Monday, May. 03, 1948
A Minister's Freedom
"I believe Christianity must seek a deliberate reconciliation with Communism . . . We come dangerously near to hypocrisy if we say our system of capitalism is compatible with Christianity and Communism is not." Thus spoke the Rev. William Howard Melish in a nationwide broadcast.
For years, blond, spectacled Episcopalian Melish, 37, has been suiting his actions to his far-leftish words. He is chairman of the National Council of American-Soviet Friendship and has beaten the drum for many another Communist-line cause. As associate rector of Brooklyn's Church of the Holy Trinity, he has had a sympathetic boss--his father, the Rev. John Howard Melish, 73, rector for 44 years.
But Holy Trinity's vestrymen have viewed young William's activities with a less approving eye. Last week they seemed to be trying to get rid of him. An informal poll of 306 of the 780-member congregation showed the parish about equally divided on the subject.

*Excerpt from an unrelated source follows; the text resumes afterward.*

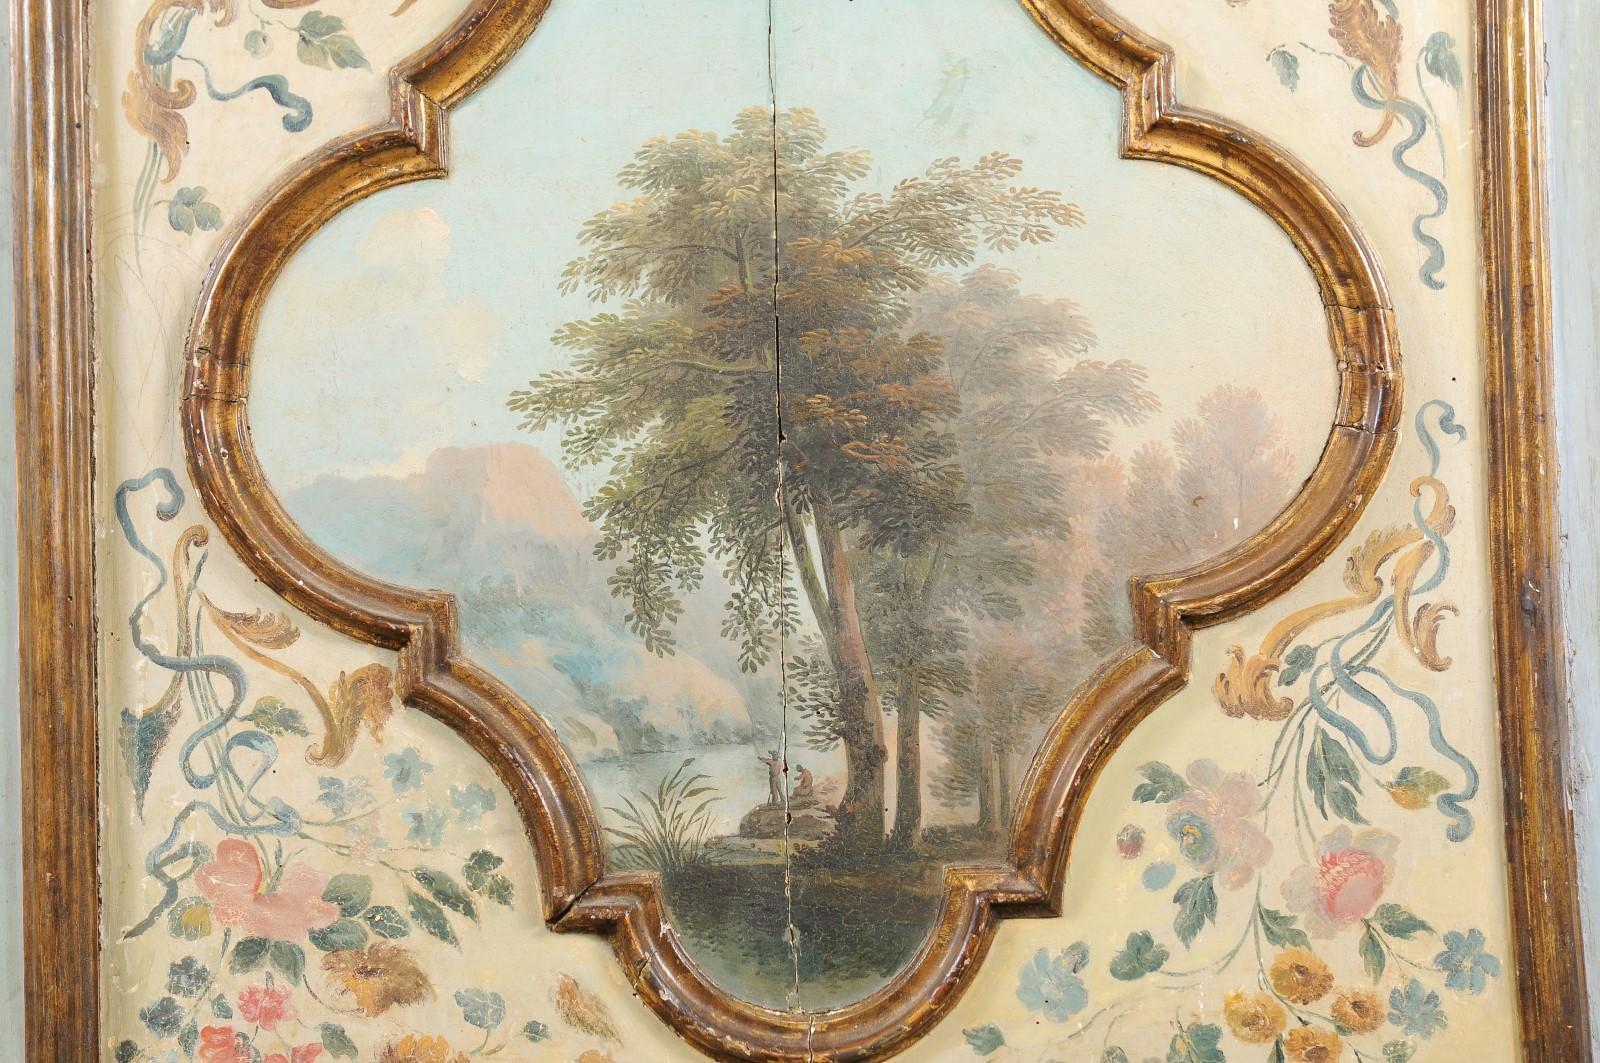 Italian 19th C. Pier Mirror w/ Serene Landscape Oil Painting at Top Panel For Sale 3

Rector Melish stoutly defended his son for "doing the work which the rector himself would have done, had he been 20 years younger." He added: "A free pulpit that utters things that everyone accepts is an absurdity." Father & son issued a joint statement pointing out that an Episcopal minister "is not the employee of the vestry or of a board of trustees. Nor does he speak for the people of his parish in the sense that he must conform to the sentiments of the majority ... To say that he may speak his mind fully in the pulpit, but to deny him the right to apply his conscientious beliefs to concrete situations and issues ... is to restrict and abridge any real freedom."